Recommendations from the report that relate to human factors most closely include:

* Update and clarify current practices to ensure that a clear and comprehensive set
of cementing guidelines and associated Engineering Technical Practices (ETPs) are
available as controlled standards. The practices should include, as a minimum:
- Clearly defined mandatory practices.
- Recommended practices and operational guidance.
- Definitions of critical cement jobs.
- Description of the technical authority’s (TA’s) role in oversight and decision making.

* Clarify and strengthen standards for well control and well integrity incident reporting and investigation. Ensure that all incidents are rigorously investigated and that close out of corrective actions are completed effectively.

* Review and assess the consistency, rigor and effectiveness of the current risk management and management of change (MOC) processes practiced by Drilling and Completions (D&C)

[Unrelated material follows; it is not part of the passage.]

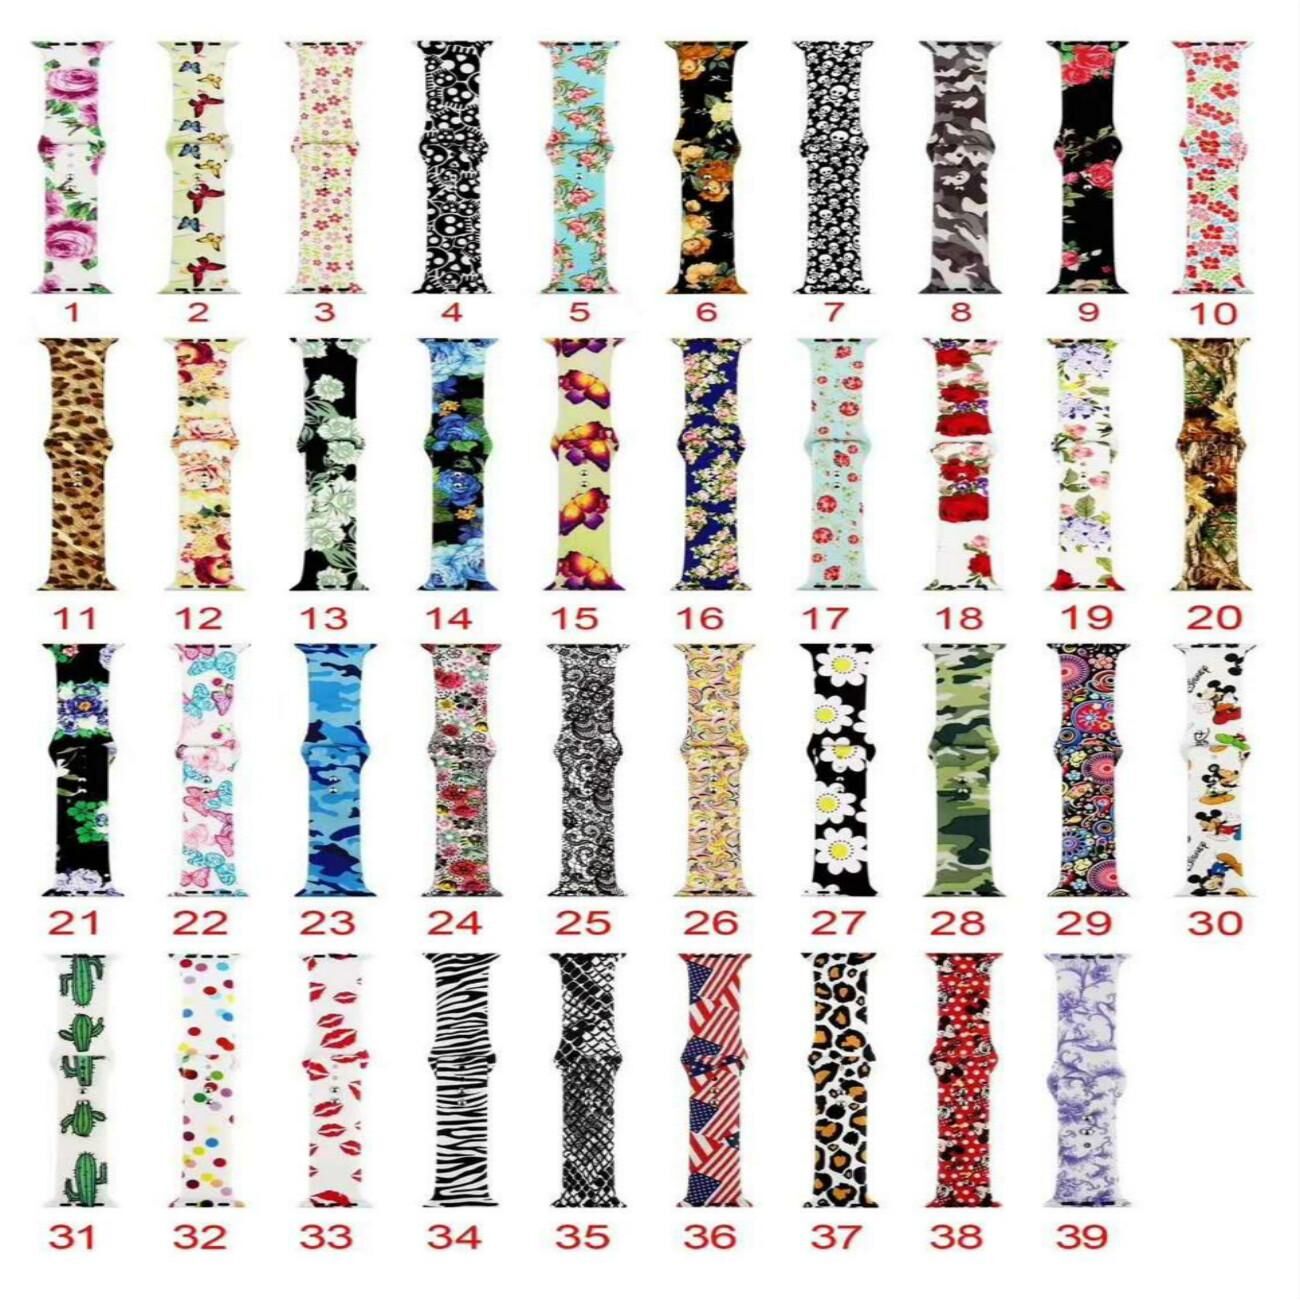 Watch peripherals Printed Silicone Strap Band for Apple Watch 38mm 40mm 42mm 44mm Leopard print Printed Bands for iWatch Series 5/4/3/2 Band Strap

* Enhance D&C competency programs to deepen the capabilities of personnel in key operational and leadership positions and augment existing knowledge and proficiency in managing deepwater drilling and wells operations by:
- Defining the key roles to be included in the enhanced competency programs.
- Defining critical leadership and technical competencies.
- Creating a ‘Deepwater Drilling Leadership Development Program.’ The program would build proficiency and deepen capabilities through advanced training and the practical application of skills.
- Developing a certification process to assure and maintain proficiency.
- Conduct periodic assessments of competency that include testing of knowledge and demonstrations of the practical application of skills.

* Develop an advanced deepwater well control training program that supplements current industry and regulatory training. Training outcomes would be the development of greater response capability and a deeper understanding of the unique well control conditions that exist in deepwater drilling. This program should:
- Embed lessons learned from Deepwater Horizon accident.
- Require mandatory attendance and successful completion of the program for all BP and drilling contractor staff who are directly involved in deepwater operations, specifically supervisory and engineering staff, both onshore and offshore.
- Where appropriate, seek opportunities to engage the broader drilling industry to widen and share learning.

* Establish BP’s in-house expertise in the areas of subsea BOPs and BOP control systems through the creation of a central expert team, including a defined segment engineering technical authority (SETA) role to provide independent assurance of the integrity of drilling contractors’ BOPs and BOP control systems. A formalized set of authorities and accountabilities for the SETA role should be defined.